Shares of the nation’s major PC memory chipmakers plunged by more than 4 percent this year on growing concern that industry leader Samsung Electronics Co’s record capital expenditures this year could jeopardize an anticipated supply constraint in the second half.
Share prices of Nanya Technology Corp (南亞科技), the nation’s top maker of PC memory chips, or DRAM, tumbled 4.19 percent to NT$25.15, rebounding from a 5.33 percent decline in the middle of trading yesterday.
“People are just terrified by Samsung’s [announcement],” Nanya Technology spokesman Pai Pei-lin (白培霖) said. “We don’t think it will have any impact [on the supply-demand situation] this year, as it will take between one and two years to complete construction of a new factory.”
With a limited increase in new supply, the Taoyuan-based chipmaker expected an explosive growth in company revenues and net profits in the second half of this year, boosted by corporate and consumer demand for PC replacements.

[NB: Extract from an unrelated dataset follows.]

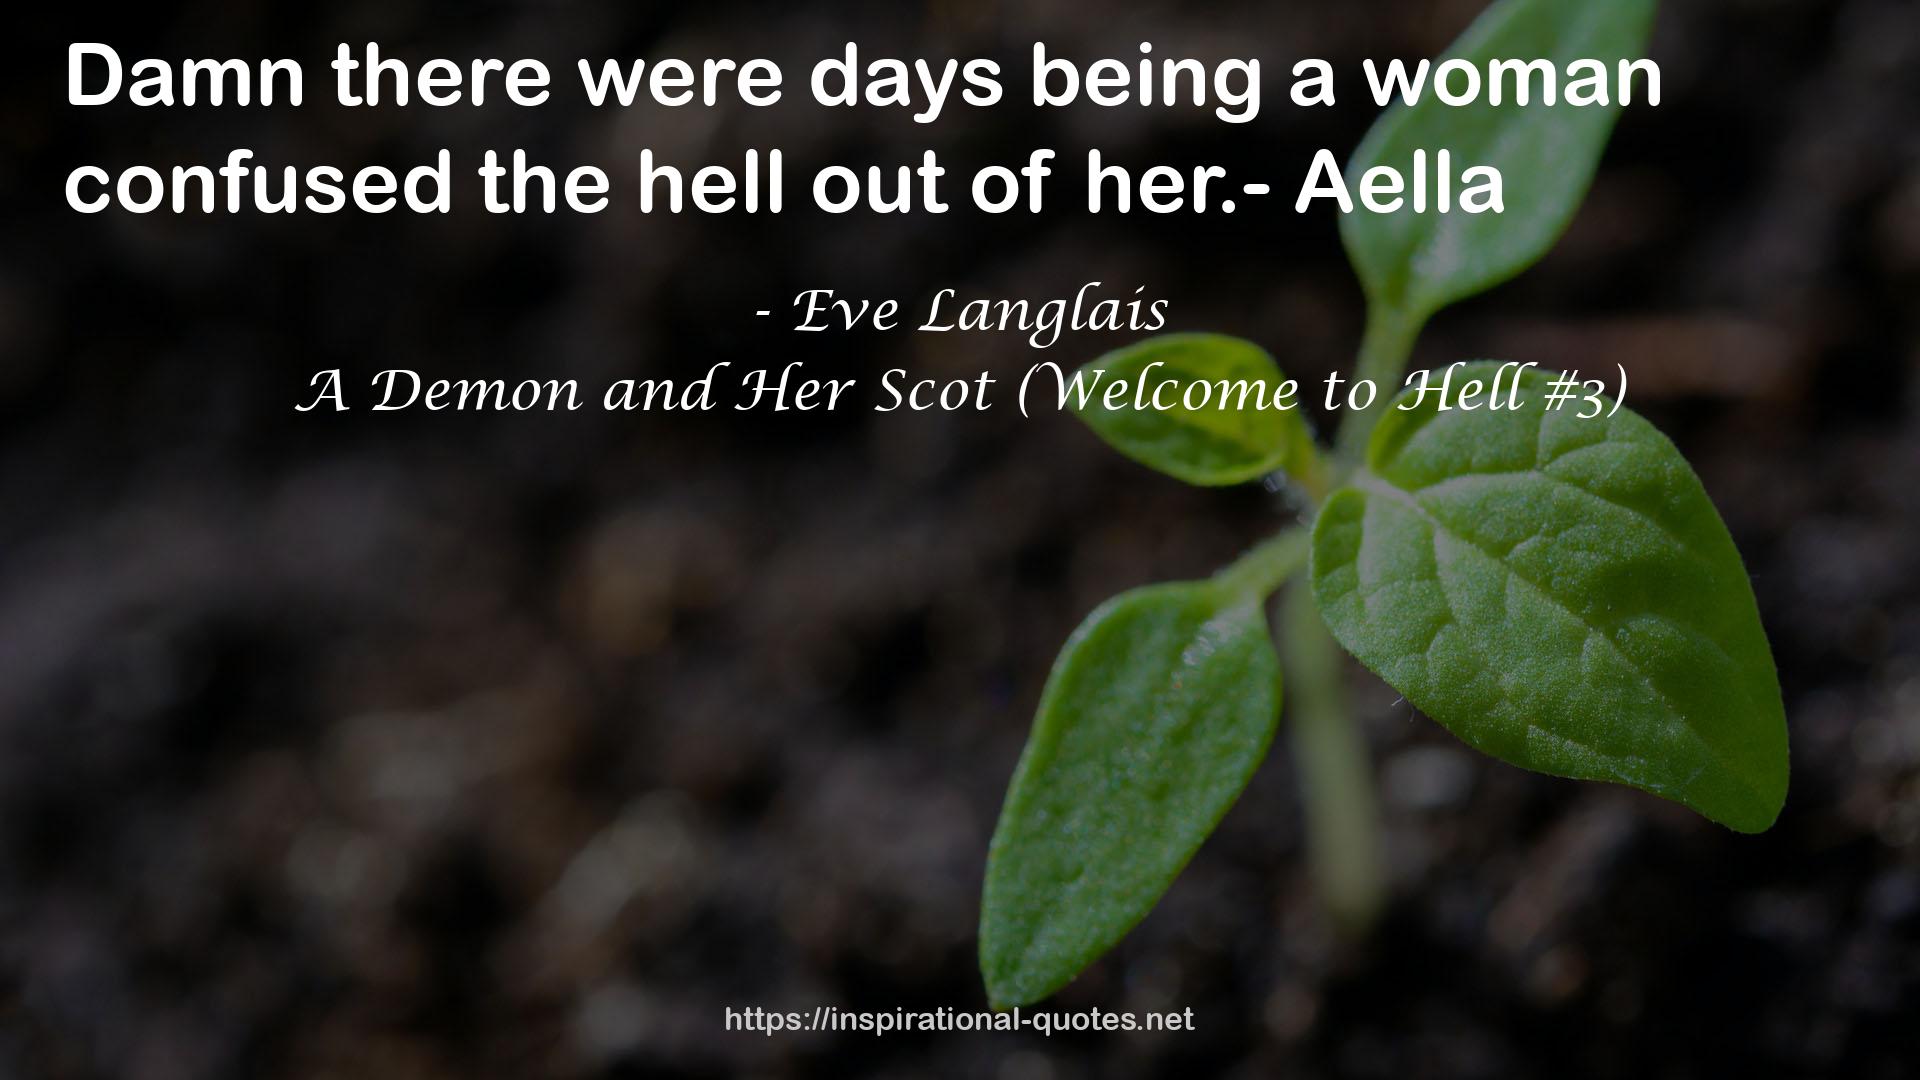 A Demon and Her Scot (Welcome to Hell #3) QUOTES

Samsung said on Monday it intends to spend a total of 18 trillion won (US$15.84 billion) in capital spending this year, of which 9 trillion won would be spent on memory business and 5 trillion won on LCD business, the company said in a statement on its Web site.
Shares of the nation’s major DRAM players Powerchip Semiconductor Corp (力晶半導體), ProMOS Technologies Inc (茂德科技) and Intoera Memories Inc (華亞科技), a joint venture between Nanya Technology and US memory giant Micron Technology Inc, dropped 4.73 percent, 5.83 percent and 5.42 percent to close at NT$4.43, NT$1.94 and NT$19.20 respectively.
The benchmark TAIEX was down 0.18 percent yesterday.
Nanya shares were also shaken by reports that the Taiwanese chipmaker would be among the 10 global memory chip companies, including Samsung and Hynix Semiconductor Inc, facing fines totaling US$381 million for price-fixing, with a ruling expected to be announced today following a nearly two-year probe by the Competition Commission, the European anti-trust watchdog.
“We do not have any information about the expected ruling from the EU,” Pai said.
Samsung’s increase in capital spending exacerbated rising concerns that weakening demand could cause a pileup of excess inventory, which sent Taiwan’s LCD panel shares down yesterday.
Chimei Innolux Corp (奇美電子) shares dropped 6.46 percent after the Chinese-language Economic Daily News reported yesterday that the panel maker was cutting prices to clear excess inventory during the slack second quarter.
However, Chimei Innolux, the nation’s biggest LCD panel maker, denied the report and said it had kept inventory at normal levels.
Shares of local rival AU Optronics Corp (友達光電) declined 3.82 percent to close at NT$31.45.